How many lines in the data below contain the string "featured"? Answer with the number only.
Top of Material for this exercise
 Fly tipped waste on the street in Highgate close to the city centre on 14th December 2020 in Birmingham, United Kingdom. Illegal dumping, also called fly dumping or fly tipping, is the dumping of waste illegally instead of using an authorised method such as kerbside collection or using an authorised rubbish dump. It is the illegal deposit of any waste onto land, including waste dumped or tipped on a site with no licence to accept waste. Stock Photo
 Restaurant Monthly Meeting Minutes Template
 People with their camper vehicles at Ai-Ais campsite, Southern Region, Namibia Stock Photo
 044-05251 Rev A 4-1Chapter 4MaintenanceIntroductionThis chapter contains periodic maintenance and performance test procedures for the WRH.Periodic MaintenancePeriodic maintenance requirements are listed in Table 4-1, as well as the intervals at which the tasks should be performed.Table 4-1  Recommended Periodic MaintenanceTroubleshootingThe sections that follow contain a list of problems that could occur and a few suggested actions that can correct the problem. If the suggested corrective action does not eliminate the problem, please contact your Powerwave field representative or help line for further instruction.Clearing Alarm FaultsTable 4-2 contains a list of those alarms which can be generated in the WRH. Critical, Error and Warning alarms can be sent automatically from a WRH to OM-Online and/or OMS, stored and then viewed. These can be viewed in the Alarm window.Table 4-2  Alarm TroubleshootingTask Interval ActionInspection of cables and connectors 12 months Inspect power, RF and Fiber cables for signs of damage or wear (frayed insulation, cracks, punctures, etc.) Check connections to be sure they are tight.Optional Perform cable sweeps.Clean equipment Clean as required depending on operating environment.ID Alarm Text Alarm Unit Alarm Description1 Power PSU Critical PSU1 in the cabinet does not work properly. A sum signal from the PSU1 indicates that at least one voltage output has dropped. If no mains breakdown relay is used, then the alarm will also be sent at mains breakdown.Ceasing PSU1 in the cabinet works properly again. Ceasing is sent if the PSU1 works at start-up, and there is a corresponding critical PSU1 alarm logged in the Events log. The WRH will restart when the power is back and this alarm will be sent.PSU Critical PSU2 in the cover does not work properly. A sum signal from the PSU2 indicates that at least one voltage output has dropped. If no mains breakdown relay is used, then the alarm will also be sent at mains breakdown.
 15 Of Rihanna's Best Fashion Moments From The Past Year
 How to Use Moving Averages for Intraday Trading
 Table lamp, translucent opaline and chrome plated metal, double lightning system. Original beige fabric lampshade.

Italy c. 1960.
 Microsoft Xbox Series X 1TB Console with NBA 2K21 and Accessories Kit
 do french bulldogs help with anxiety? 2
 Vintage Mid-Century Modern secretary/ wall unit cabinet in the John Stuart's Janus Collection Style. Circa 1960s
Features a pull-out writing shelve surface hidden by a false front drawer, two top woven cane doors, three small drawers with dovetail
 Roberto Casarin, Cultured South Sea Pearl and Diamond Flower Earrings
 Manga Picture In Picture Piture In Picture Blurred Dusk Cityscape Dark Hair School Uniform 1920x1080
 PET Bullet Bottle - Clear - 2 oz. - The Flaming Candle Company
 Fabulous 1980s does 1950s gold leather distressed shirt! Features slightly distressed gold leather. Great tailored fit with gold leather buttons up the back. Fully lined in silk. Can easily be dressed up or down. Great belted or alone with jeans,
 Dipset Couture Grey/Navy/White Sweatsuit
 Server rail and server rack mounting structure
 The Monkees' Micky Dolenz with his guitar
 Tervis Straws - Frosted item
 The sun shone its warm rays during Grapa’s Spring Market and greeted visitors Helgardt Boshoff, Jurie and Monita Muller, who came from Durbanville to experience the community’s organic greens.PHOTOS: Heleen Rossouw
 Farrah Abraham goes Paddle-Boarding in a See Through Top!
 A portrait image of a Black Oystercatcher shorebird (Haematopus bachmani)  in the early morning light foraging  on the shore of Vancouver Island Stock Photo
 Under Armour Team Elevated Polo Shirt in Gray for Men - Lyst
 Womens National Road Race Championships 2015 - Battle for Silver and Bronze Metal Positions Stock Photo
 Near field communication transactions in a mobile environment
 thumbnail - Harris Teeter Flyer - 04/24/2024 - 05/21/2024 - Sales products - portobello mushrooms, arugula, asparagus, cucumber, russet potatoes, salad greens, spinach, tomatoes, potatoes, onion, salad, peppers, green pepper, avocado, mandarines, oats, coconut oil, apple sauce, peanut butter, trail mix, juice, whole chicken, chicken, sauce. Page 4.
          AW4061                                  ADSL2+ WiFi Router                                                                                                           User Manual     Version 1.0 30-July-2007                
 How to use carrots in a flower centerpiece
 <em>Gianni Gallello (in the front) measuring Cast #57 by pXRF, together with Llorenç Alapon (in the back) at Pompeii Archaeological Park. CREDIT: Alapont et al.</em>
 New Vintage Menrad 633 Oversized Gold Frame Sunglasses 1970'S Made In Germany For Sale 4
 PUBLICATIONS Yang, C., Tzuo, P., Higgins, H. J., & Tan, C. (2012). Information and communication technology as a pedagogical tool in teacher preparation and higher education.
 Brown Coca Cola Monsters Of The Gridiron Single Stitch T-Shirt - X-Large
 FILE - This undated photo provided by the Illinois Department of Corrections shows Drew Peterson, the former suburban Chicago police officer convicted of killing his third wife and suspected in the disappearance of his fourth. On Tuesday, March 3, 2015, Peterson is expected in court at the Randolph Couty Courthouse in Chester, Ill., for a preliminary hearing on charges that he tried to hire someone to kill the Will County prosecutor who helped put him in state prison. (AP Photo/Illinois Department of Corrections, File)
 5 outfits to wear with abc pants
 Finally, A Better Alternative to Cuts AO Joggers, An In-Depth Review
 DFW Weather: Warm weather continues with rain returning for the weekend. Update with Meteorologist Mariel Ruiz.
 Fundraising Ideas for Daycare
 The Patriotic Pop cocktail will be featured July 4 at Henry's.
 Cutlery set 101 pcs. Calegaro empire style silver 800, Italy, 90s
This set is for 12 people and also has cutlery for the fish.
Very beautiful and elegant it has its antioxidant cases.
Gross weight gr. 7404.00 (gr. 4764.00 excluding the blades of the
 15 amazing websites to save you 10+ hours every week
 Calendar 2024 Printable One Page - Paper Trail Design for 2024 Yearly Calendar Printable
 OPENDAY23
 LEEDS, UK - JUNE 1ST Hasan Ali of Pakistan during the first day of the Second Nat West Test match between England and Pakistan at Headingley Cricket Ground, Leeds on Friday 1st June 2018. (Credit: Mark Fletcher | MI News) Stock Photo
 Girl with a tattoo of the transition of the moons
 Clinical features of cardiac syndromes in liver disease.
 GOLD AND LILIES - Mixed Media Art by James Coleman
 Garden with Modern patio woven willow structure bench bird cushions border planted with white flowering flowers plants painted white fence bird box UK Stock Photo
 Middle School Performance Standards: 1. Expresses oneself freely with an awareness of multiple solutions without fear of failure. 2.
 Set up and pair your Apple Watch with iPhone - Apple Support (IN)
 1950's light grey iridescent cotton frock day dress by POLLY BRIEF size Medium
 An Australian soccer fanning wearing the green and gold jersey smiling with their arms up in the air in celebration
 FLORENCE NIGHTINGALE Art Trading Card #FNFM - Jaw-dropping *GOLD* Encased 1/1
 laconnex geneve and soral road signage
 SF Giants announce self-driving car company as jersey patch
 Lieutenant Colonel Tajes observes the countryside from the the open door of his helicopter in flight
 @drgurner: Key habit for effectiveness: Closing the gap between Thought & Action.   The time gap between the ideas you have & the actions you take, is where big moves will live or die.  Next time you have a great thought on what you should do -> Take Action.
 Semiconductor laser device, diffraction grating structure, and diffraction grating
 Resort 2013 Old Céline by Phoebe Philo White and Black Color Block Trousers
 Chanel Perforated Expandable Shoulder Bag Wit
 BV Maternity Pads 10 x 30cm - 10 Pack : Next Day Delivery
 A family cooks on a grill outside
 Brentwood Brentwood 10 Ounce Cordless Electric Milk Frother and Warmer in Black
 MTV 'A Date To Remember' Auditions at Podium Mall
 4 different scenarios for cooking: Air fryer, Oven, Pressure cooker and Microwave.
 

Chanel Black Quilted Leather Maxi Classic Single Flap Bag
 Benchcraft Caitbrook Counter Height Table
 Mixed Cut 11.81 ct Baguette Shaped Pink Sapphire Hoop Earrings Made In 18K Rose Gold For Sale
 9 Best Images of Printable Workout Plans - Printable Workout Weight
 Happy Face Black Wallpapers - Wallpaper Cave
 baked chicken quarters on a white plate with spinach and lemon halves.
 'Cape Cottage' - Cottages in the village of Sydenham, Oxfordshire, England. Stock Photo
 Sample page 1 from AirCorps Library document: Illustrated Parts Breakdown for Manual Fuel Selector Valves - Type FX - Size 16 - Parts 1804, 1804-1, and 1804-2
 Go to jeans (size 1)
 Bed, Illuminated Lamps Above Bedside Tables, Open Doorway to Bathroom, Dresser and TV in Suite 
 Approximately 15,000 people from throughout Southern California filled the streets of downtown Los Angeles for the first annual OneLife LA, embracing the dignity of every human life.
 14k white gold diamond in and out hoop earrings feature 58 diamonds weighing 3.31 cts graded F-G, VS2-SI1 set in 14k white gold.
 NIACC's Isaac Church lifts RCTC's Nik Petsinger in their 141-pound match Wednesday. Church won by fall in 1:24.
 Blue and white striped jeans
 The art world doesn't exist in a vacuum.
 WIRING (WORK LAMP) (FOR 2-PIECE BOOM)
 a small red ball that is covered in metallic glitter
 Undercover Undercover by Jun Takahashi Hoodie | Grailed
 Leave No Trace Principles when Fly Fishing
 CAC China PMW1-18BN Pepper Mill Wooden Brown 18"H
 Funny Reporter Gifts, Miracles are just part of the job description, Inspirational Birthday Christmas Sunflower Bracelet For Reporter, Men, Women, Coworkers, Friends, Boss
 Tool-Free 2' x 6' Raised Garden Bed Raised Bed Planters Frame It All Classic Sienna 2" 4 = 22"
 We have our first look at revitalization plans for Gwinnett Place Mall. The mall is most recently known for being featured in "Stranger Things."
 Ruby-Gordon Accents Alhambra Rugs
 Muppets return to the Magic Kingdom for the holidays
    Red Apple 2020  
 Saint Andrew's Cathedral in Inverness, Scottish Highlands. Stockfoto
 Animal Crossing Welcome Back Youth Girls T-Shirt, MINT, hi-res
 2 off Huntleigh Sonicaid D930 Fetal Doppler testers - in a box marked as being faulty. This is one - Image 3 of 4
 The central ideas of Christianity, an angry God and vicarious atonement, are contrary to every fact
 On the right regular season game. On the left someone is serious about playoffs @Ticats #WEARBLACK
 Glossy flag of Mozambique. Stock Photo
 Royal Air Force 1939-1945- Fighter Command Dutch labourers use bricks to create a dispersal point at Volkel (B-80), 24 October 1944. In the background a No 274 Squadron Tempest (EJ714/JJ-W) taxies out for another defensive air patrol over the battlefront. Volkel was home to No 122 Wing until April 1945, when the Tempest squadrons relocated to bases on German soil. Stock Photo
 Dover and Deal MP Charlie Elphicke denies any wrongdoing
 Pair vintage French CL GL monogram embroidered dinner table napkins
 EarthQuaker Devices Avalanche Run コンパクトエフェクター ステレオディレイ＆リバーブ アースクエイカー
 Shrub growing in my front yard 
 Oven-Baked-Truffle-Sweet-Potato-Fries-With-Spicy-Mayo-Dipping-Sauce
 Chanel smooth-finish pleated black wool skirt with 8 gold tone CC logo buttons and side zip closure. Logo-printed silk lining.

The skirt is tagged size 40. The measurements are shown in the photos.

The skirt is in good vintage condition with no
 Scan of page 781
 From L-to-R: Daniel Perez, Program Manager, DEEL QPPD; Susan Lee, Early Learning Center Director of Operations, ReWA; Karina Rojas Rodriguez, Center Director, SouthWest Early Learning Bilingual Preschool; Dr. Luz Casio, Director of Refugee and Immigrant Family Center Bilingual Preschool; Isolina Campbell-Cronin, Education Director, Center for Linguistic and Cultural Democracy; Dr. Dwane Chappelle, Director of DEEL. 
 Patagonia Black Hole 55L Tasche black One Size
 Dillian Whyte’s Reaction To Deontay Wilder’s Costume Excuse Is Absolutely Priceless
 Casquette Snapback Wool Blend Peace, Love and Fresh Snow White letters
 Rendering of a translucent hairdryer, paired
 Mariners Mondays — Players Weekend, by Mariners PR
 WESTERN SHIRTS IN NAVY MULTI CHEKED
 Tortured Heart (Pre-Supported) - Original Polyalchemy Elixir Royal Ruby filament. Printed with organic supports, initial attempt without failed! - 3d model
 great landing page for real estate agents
Bottom of Material for this exercise
• Completed task:
2